At the same time, I would also strongly suggest to include a more comprehensive discussion of the advantages of this solution (e.g., which are the specific limitations that the system will address? How will it impact the users in term of usability? How does it improve on the state of the art?) and –crucially- an evaluation, since at the moment the paper presents no empirical evidence of the benefits of dokieli.

In general, most of the issues flagged by previous reviews at http://csarven.ca/dokieli still appear to be unresolved.

Anonymous Reviewer replied on

The dokieli tool is nice, well designed and implemented, and surely worth presenting to the community.

Though I do not think the research track is a good place for this kind of paper. It can be a very good poster instead. In fact it is actually a (detailed) technical report on the system, more than a research paper.

The requirements of the system are just listed in Section 2; a more detailed explanation of the process to derive them is needed. The paper should better frame the problem being addressed and the contribution.

The related works section is also just an overview of tools and does not identify the specific problems addressed by this work. The paper should also compare the proposed solution with the existing ones.

Section 4, and especially section 4.2, just lists some architectural choices, without really justifying them.

A lot of details could be removed from the implementation section; some screenshots could be removed as well.

The discussion is rather short, some end-user tests and usability evaluation is needed to demonstrate the robustness and applicability of this work.

The authors made available past reviews on this paper, most of which raised similar concerns, but they haven’t addressed these concerns yet.

A minor point: a lot of tools, libraries and technologies are mentioned in the paper but some references are missing (to websites, repositories, specifications).
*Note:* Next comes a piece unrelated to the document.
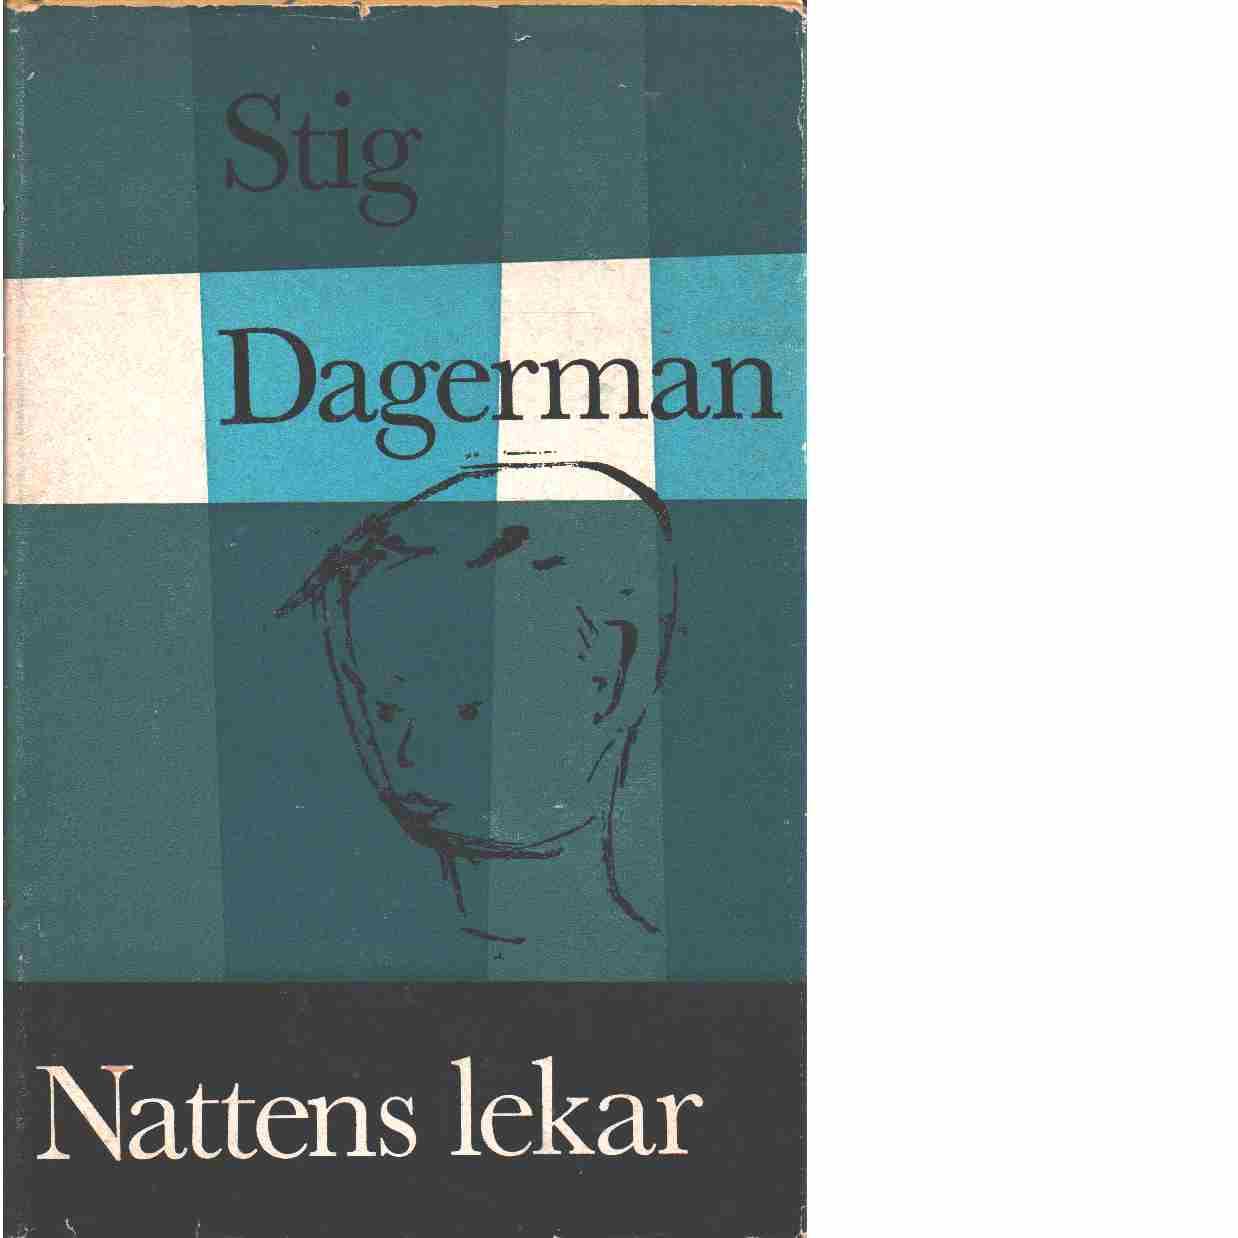 Nattens lekar - Dagerman, Stig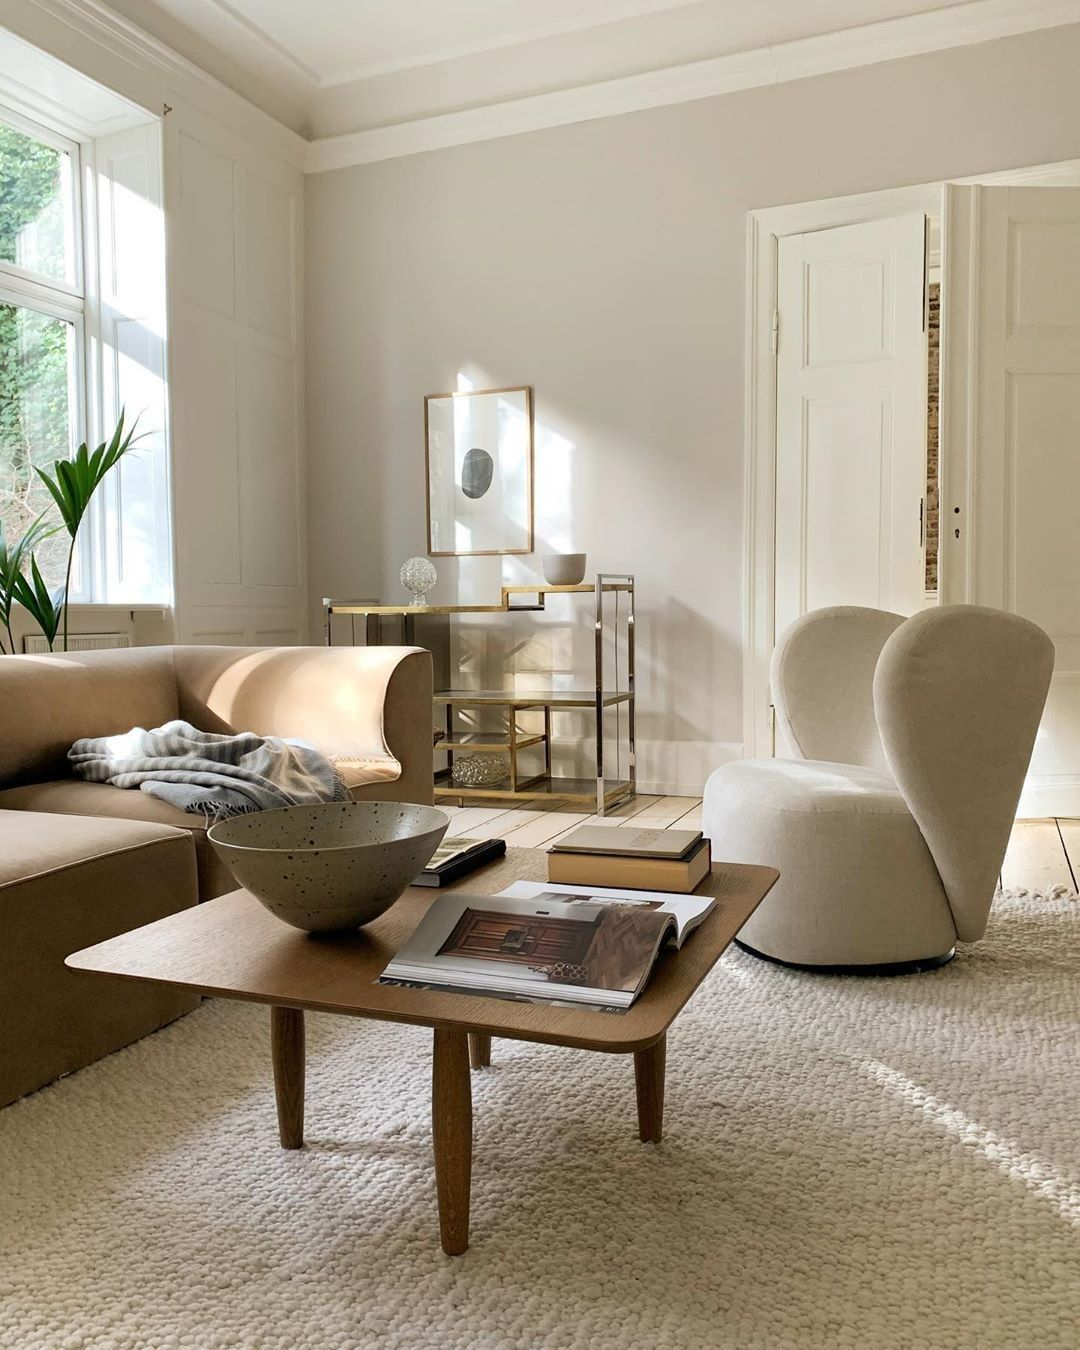 Studio Paradissi Pebble 05 Art Print The Poster Club In 2020 Decor Home Living Room Interior Home Living Room #small #living #room #ottoman

Anonymous Reviewer replied on

The paper is 20 pages long. According to EKAW2016 call for papers:

"All submissions for research, in-use and position papers must be in English, and no longer than 15 pages. Papers that exceed this limit will be rejected without review."

The paper fails to fulfill the length requirement.

From a content point of view, the paper presents a very interesting approach/tool for document authoring, publication and interaction. I believe it has the potential to change the traditional way authoring and publishing is currently done. It truly shows how Semantic Web technologies can be used to create a collaborative and distributed apps.

Although the work itself is very interesting, the way it is presented, as a scientific publication, has many problems e.g. the problem addressed is not clearly defined, there is no methodology, and no evaluation.